In this example, you have to allocate a path to store the directory and filename you combine, and then open that path and return the file descriptor if it was successful. You have to clean up the memory allocation, though, and do that while still handling all the allocation errors and the open error. The latter can be done elegantly with try and .?, but if you mix in the path.free(), you'd have to run it before every error return, which means you have to duplicate it and not use .? anymore.

Instead, you can use defer for this. No matter where you return from the function, it will run its statement right before that. You can also use defer for any statement, not just resource cleanup, like logging for example.

However, sometimes you want to cancel a defer:

struct FilePair {
    fd1: i32,
    fd2: i32,
}

fn open_two_files(path1: u8[]&, path2: u8[]&): Result<FilePair, String> = try {
    let fd1 = open_file_in_dir(b"", path1).?;
    defer@close close(fd1);
    let fd2 = open_file_in_dir(b"", path2).?;
    defer@close close(fd2);
    println(f"opened {fd1} and {fd2}");
    undefer@close;
    FilePair {fd1, fd2}
}

In this example, you want open two files and return them if successfull. If only one is successful, though, that's an error and you should close the first one before returning the error. In order to do that cleanly, you can use the undefer keyword, which cancels an earlier labeled defer, in this case labeled close.

defer and undefer are actually syntax sugar for something a bit more low-level and wordy:

fn open_two_files(path1: u8[]&, path2: u8[]&): Result<FilePair, String> = try {
    let fd1 = open_file_in_dir(b"", path1).?;
    let close1 = fn {fd1}() = { close(fd1); }
    let close1 = close1.$defer();
    let fd2 = open_file_in_dir(b"", path2).?;
    let close2 = fn {fd1}() = { close(fd1); }
    let close2 = close2.$defer();
    println(f"opened {fd1} and {fd2}");
    let close = [close2, close1].&[..];
    close.undo();
    FilePair {fd1, fd2}
}

That is, .$defer() places the closure on the stack and returns a Defer struct, which can be undone with Defer.undo() (Defer[]&.undo() just maps Defer.undo() over the array).
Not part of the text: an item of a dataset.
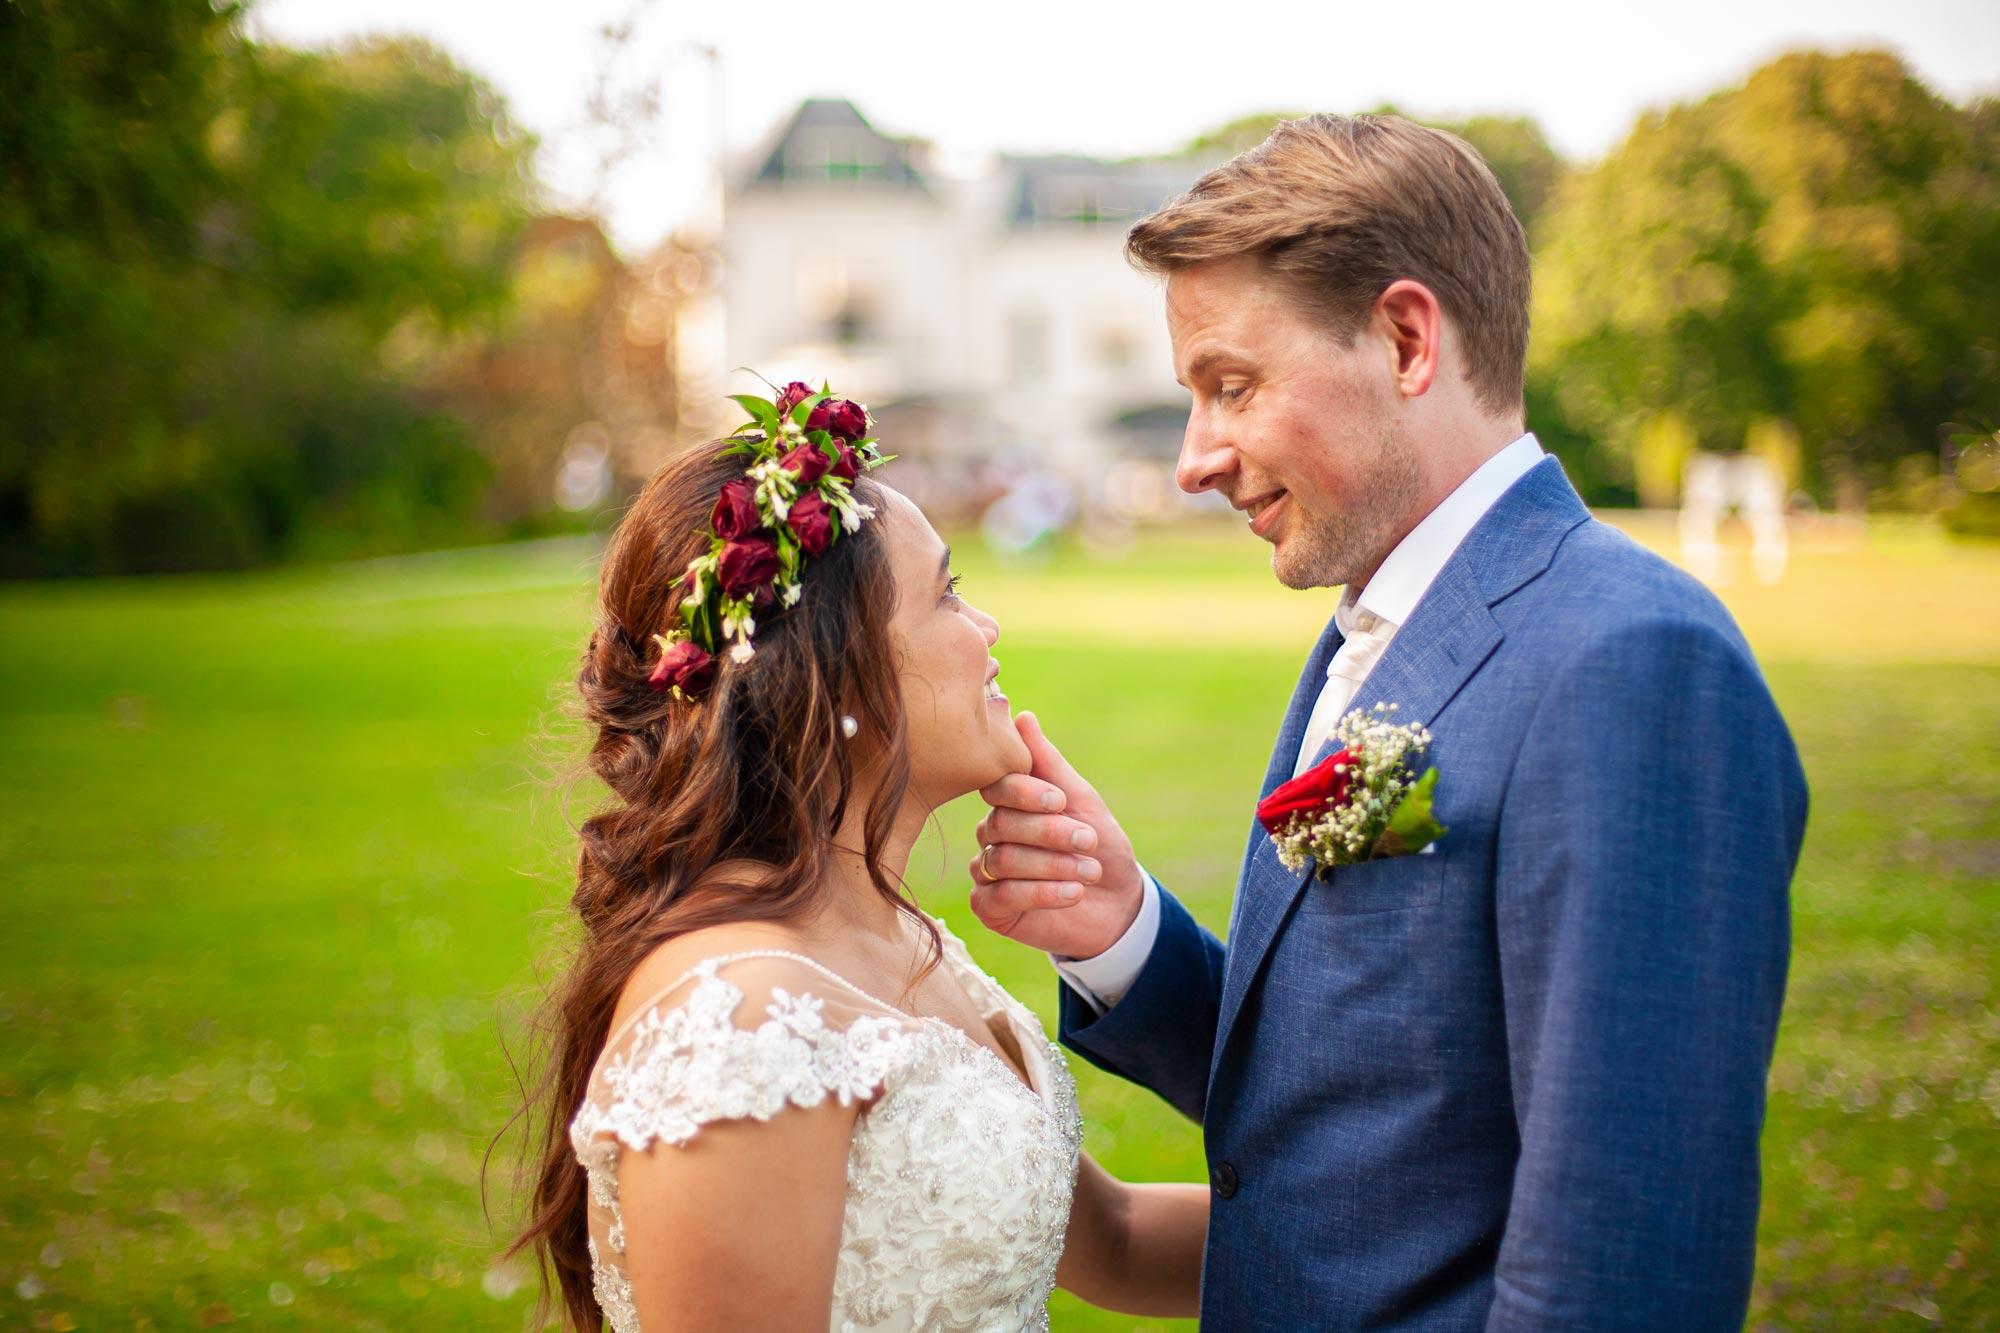 Bruidsfotograaf den haag landgoed te werve

Defer.undo() sets a bit in the Defer struct that it's been undone. Then when the stack unwinds, any none-undone Defers on the stack are run.

Comparison to Destructors

In many other languages, destructors are used for resource handling instead of defer. This is more uniform, automatic, and safe, since destructors run automatically when dropped out of scope. If you have destructors, though, you also need moves in order to do what we can do with undefer, but then you also need ownership, which C* doesn't track. Furthermore, defer is a lot more explicit and flexible. All the resource cleanup is written explicitly so there are no hidden costs, which most programmers coming from C will prefer. And since you can put any statement in a defer, it's much more flexible than destructors.

Methods

C* has associated functions and simple methods, though these are largely syntactic sugar. To declare these for a type, simply write:

struct Person {
    first_name: String,
    last_name: String,
}

impl Hello {

    fn new(first_name: String, last_name: String): Self = {
        Self {first_name, last_name}
    }
    
    fn say_hi1(self: Self) = {
        print(f"Hi {self.first_name} {self.last_name}");
    }
    
    fn say_hi1(self: Self&) = {
        print(f"Hi {self.*.last_name}, {self.*.first_name}");
    }
    
    fn remove_last_name(self: Self&mut) = {
        self.*mut.last_name = "";
    }
    
}

fn main() {
    let mut person = Person.new("Khyber", "Sen");
    
    {
        person.say_hi1();
        person.&.say_hi2();
        person.&mut.remove_last_name();
        person.say_hi1();
    }
    {
        Person.say_hi1(person);
        Person.say_hi2(person.&);
        Person.remove_last_name(person.&mut);
        Person.say_hi1(person);
    }
}

In this example, we first declared a struct Person, and then an impl block for Person to define methods/associated functions for it. Note that this impl block can be anywhere, even in other modules.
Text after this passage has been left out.